In an interview with 60 Minutes last October, McClelland said that Sanders “opened up doors for the Southwestern Athletic Conference that we could not get into” otherwise.

The commissioner indicated that Sanders’ impact — or the so-called Prime effect — on attendance figures was notable for Jackson State relative to the rest of the SWAC but not necessarily extraordinary.

“When we track his impact from an attendance standpoint, it is measured in the thousands, not tens of thousands but in the thousands,” he said. “Some of our highly watched games definitely included Jackson State, but others included Southern, Florida A&M and Alcorn (State). So, people watched the games. Yes, Jackson State had more of higher watched games but across the board, our numbers were up. And that’s because more people saw the SWAC and saw it was a great brand of football.”

And greater interest in the SWAC meant an increase in not only attendance and viewership but corporate partners, McClelland explained.

“We’ve seen an increase in corporate partners wanting to be part of this. We’ve seen an increase in the number of games that our television partners want to put on,” he said. “So we’re going to be in a very good spot, and we appreciate it.”

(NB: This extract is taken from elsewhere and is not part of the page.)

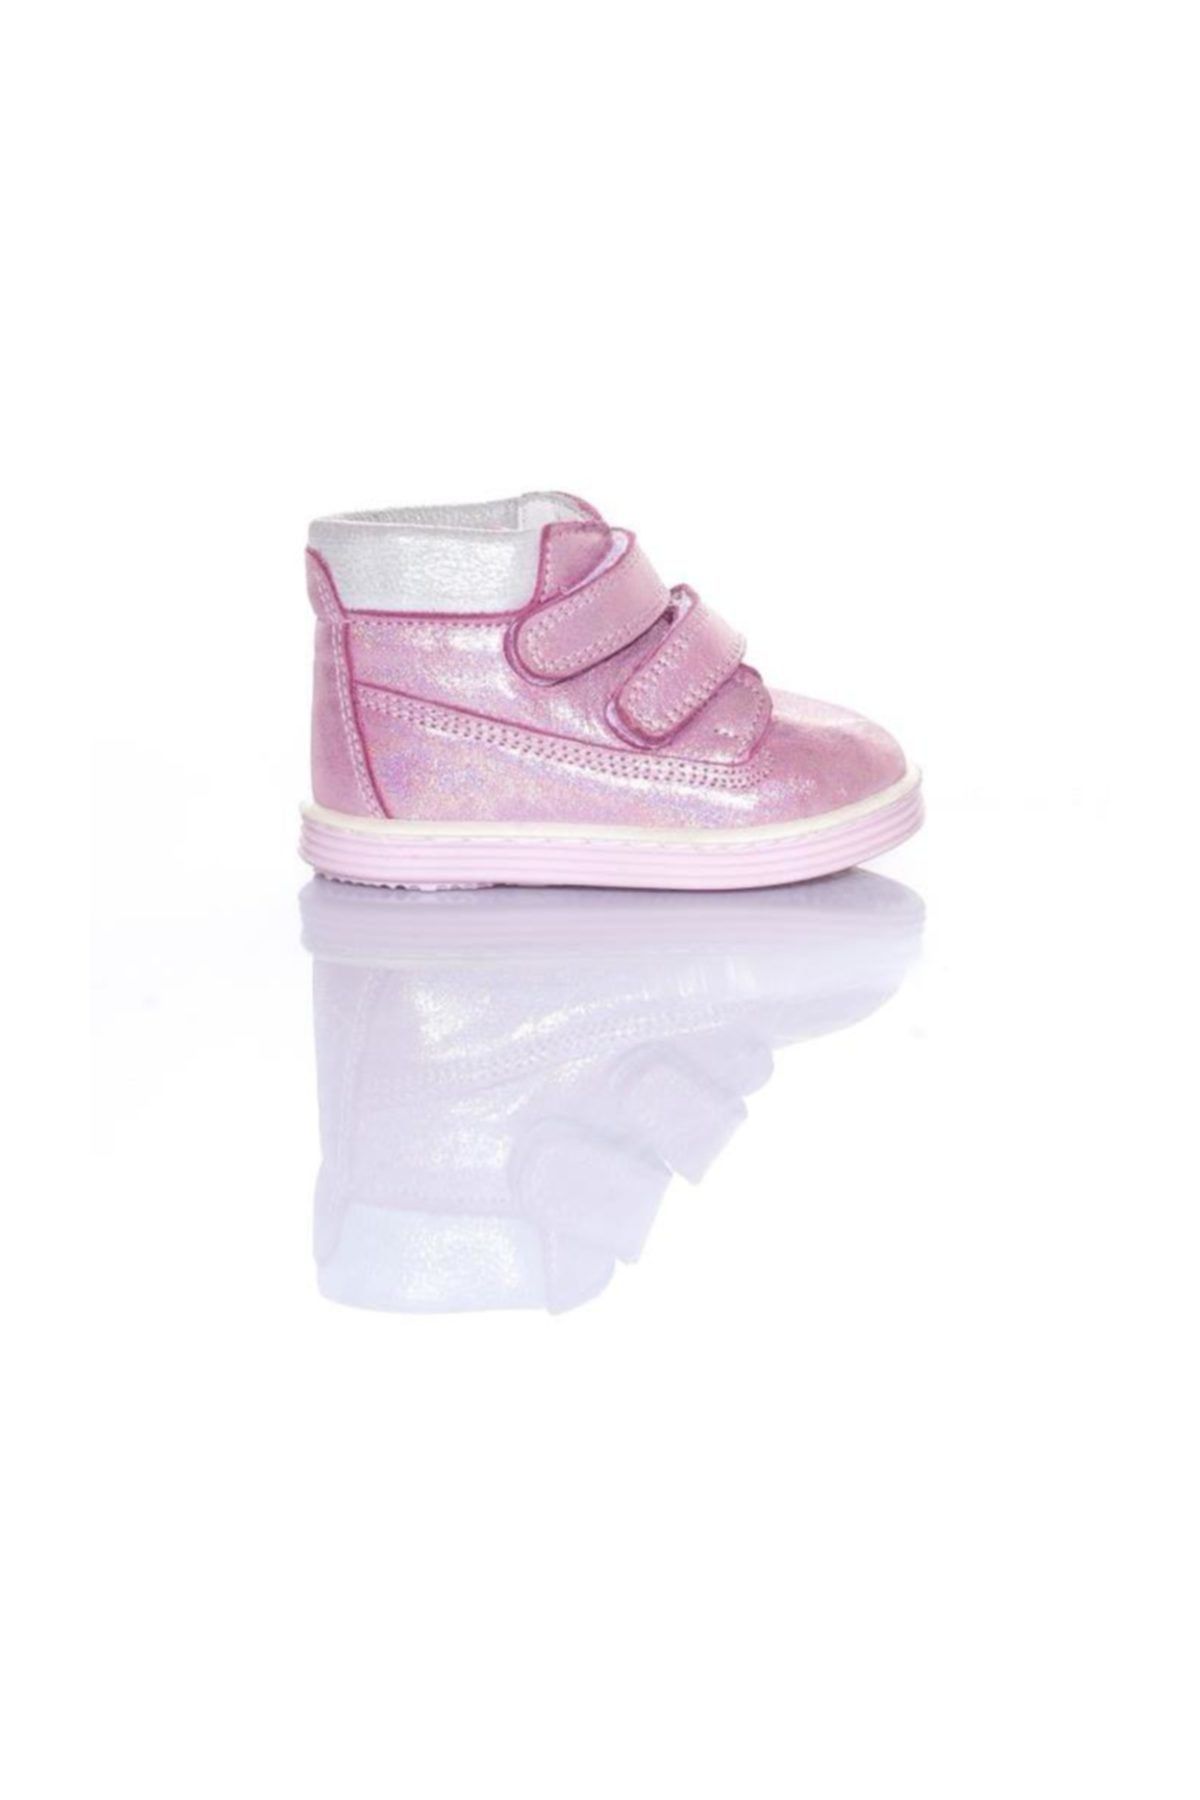 WSTARK Kız Bebek Parlak Pembe Hakiki Deri Bebek Bot Ayakkabı Ws 3050

In January, just ahead of the SWAC Championship Game, McClelland described the SWAC as “not the small black college conference anymore” in the landscape of DI athletics because of the economic strides it made.

McClelland spoke highly of the league’s partnership with ESPN and HBCUGO which featured several SWAC football games and men’s a women’s basketball games during the 2022-23 season.

During that same press conference in January, McClelland also mentioned that thanks to revenue growth, the SWAC had distributed more than $9 million to its 12 members — a high among all other FCS conferences and some FBS leagues.

“We’re not going to lose that momentum. It is going to be left up to use to continue to play a great brand of football,” McClelland told Edmond.